The 11 competitive hits were characterized in more detail; the most potent had a Ki of 0.32 mM and the most ligand efficient had LE = 0.43 kcal/mol-atom. In collaboration with Vicki Nienaber and colleagues at Zenobia, all 11 of these were taken into crystallography experiments. This proved challenging: unliganded PDE4A10 crystals suitable for fragment soaking could not be grown, necessitating more labor-intensive co-crystallography. Unfortunately, although some crystals were obtained, they did not diffract at high enough resolution to unambiguously fit the electron density of the fragments, though there was evidence for binding in the active site. The researchers were able to crystallize PDE4A10 with pentoxifylline, a known phosphodiesterase inhibitor.
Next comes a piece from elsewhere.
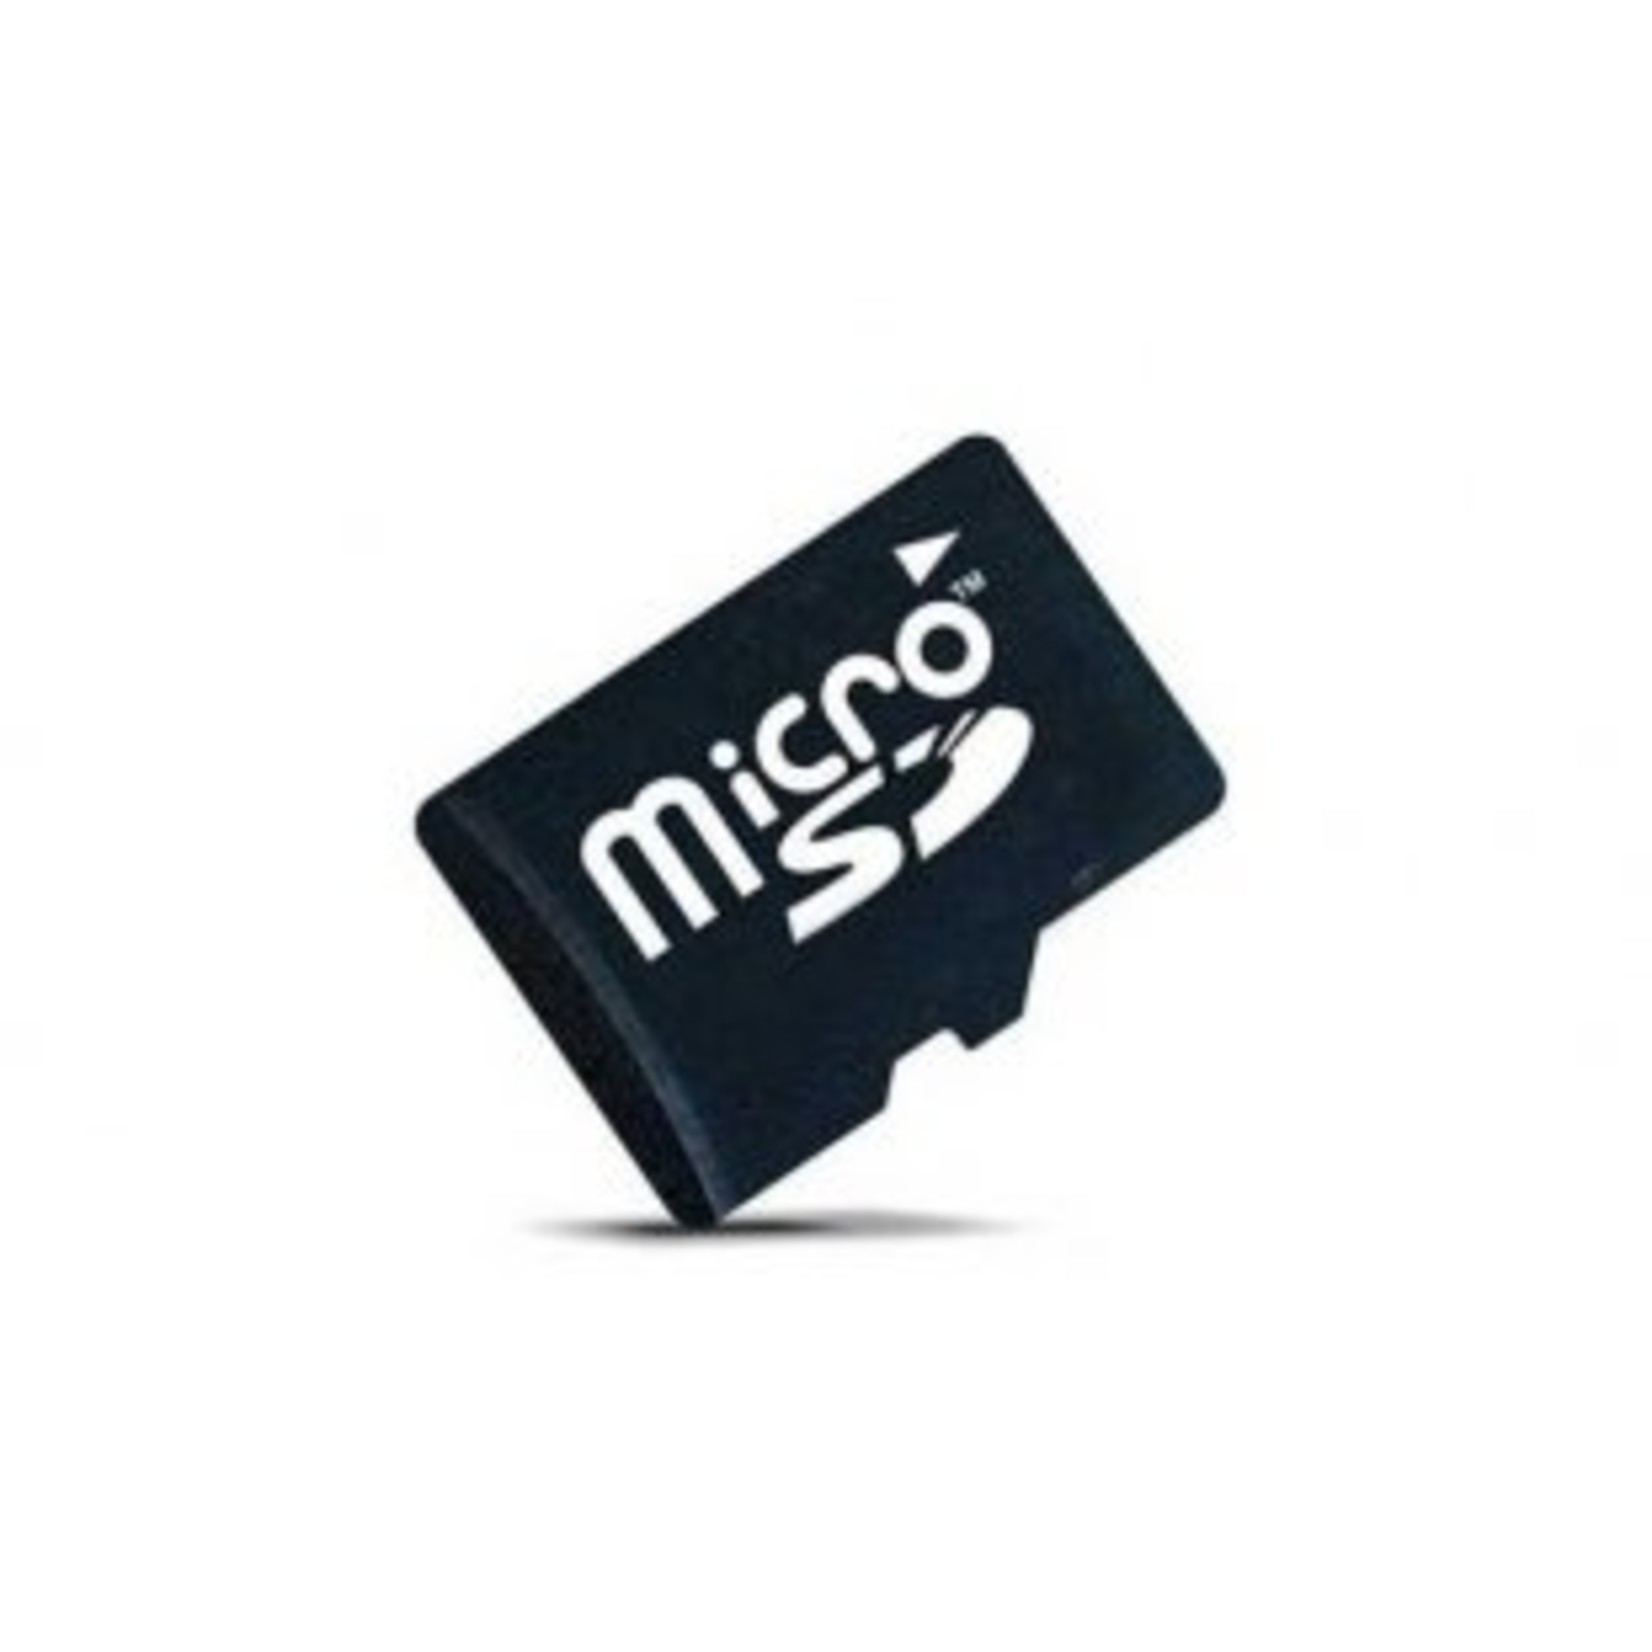 128GB Micro SD Card used

Since many of the fragments have structural features reminiscent of other phosphodiesterase inhibitors, this suggests starting points for modeling.

As described in this paper, enthalpy arrays could be used as a primary screen for fragment hits with defined modes of action before follow-up by slower methods. Although in this particular case crystallography was not successful determining co-crystal structures of the novel fragments, in a recent talk Michael described a related system which did yield good crystal structures. I look forward to seeing additional applications of this approach.

04 January 2012

19F NMR...Just Like 1H NMR

Fluorine is a powerful nucleus for NMR: it has almost the same sensitivity as 1H and is 100% abundant. 19F NMR based screening is relatively new in the pharmaceutical industry. One of the biggest proponents of this approach has been Claudio Dalvit. In 2009, Dalvit and colleagues (J. Am. Chem. Soc. (2009) 131:12949) proposed the LEF (Local Environment of Fluorine) approach which allows for efficient screening of even weak binding fragments containing fluorine and the discovery of fluorophilic protein environments on the target. Despite the obvious advantages of 19F, it still has not been taken up widely in the industry. A new paper in J. Med. Chem. from Amgen may change that.
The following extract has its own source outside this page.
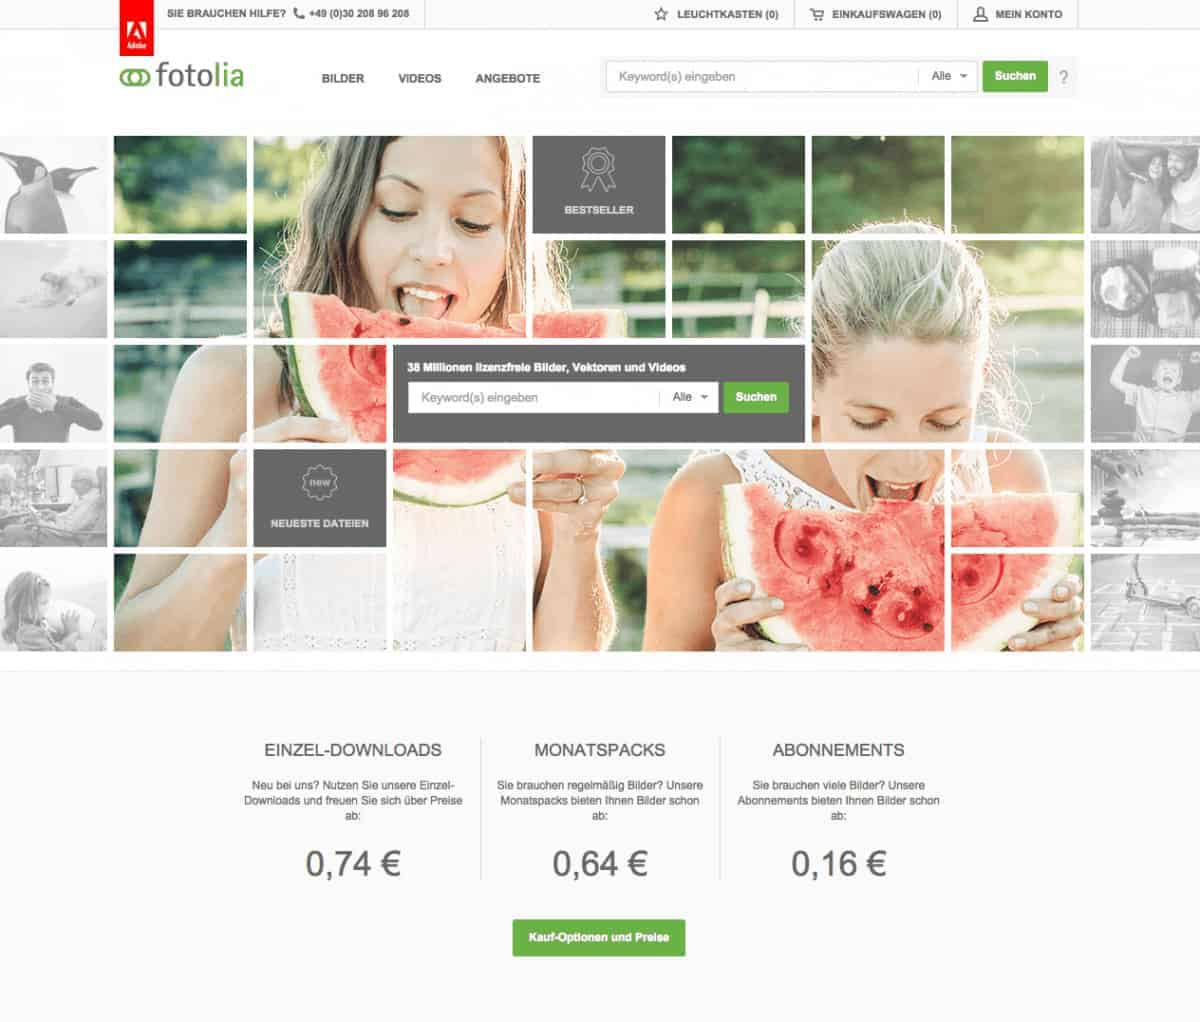 Fotolia mit frischem Design - Fotolia Home

In this paper, they demonstrate multiple practical applications of 19F in FBDD, essentially demonstrating congruence for 19F-based methods with 1H-based methods. This is a particularly important as most people are conversant with how to understand and utilize 1H-based data; there is no "re-learning" necessary to adopt 19F based data. One potential obstacle to adoption is the argument that the 19F fragments would not be "fragment-y" or would be unlike other libraries and thus have little cross-fertilization. As shown in the table below, their 19F Fragment library is based on typical Ro3 rules with similar size and diversity.
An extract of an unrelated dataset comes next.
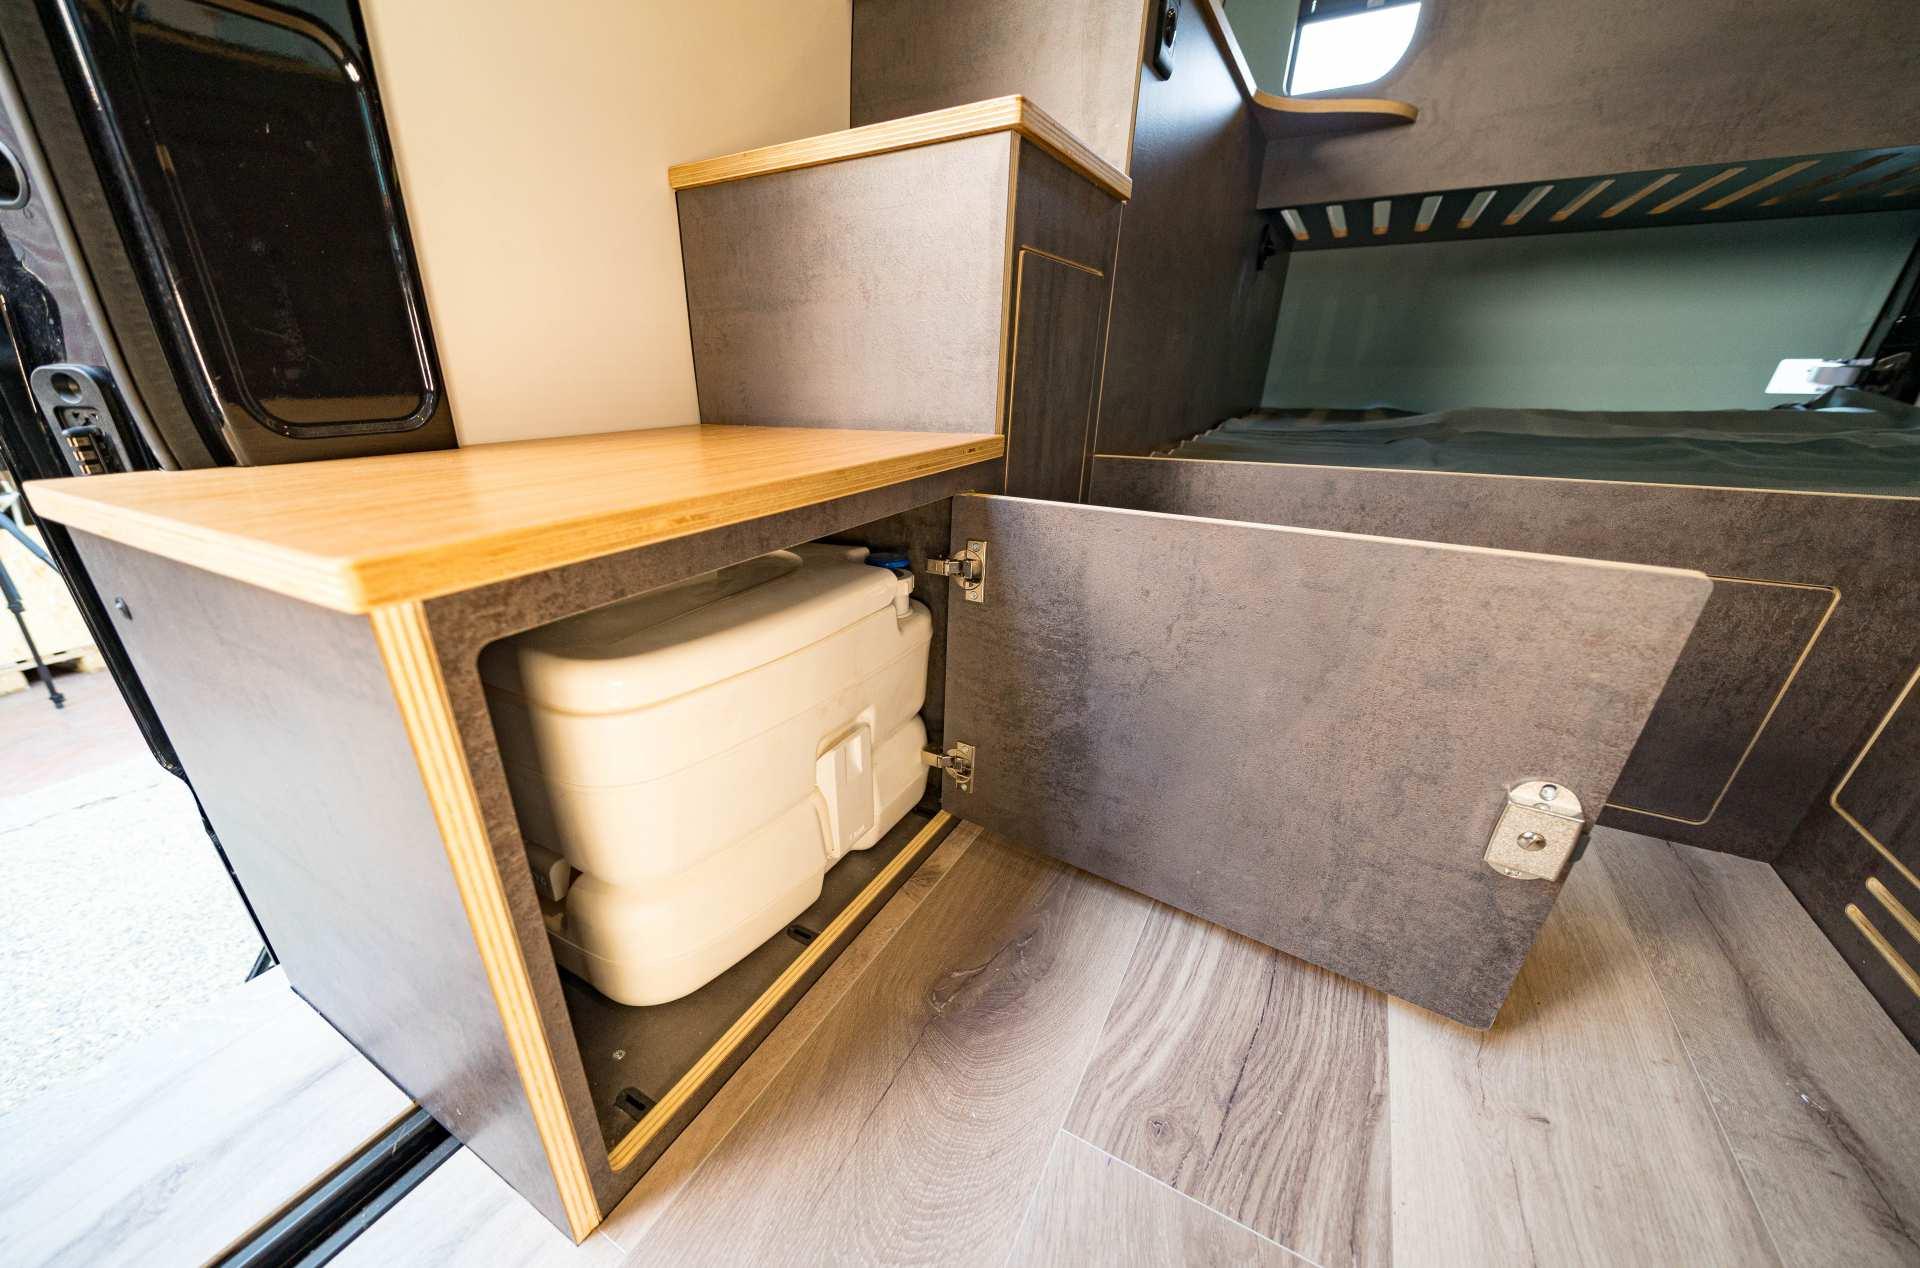 Individualausbau: Full House VW Crafter - 15

As can be seen here, this library is relatively diverse. The authors argue that ~30% of "Fragment Space" is covered by this library. But, due to congruency with 1H molecules, this is more than sufficient to give adequate screening hits.The paper demonstrates the utility of this approach on BACE (one of everybody's favorite targets). In less than 24 hours they were able to screen the entire library and identified five compounds (out of 6 hits) for follow-up. They introduce a method for Kd determination by NMR which cannot be done by 1H-based methods, differential Chemical Shift Perturbation: which utilizes changes in the 19F chemical shifts to determine the Kd. In cases where chemical shifts are not observed, the authors state you can use differences in line broadening as the measurement. This is an interesting and novel approach to Kd determination and they validated this approach by using SPR in parallel. The authors also demonstrate that the Holy Grail of FBDD (simultaneous binding fragments) can be identified and oriented based upon 19F-19F iLOE, exactly analogous to 1H-1H NOEs.

This is an excellent paper, that I hope sparks more people to investigate the utility of 19F-based screening and post-screening confirmation.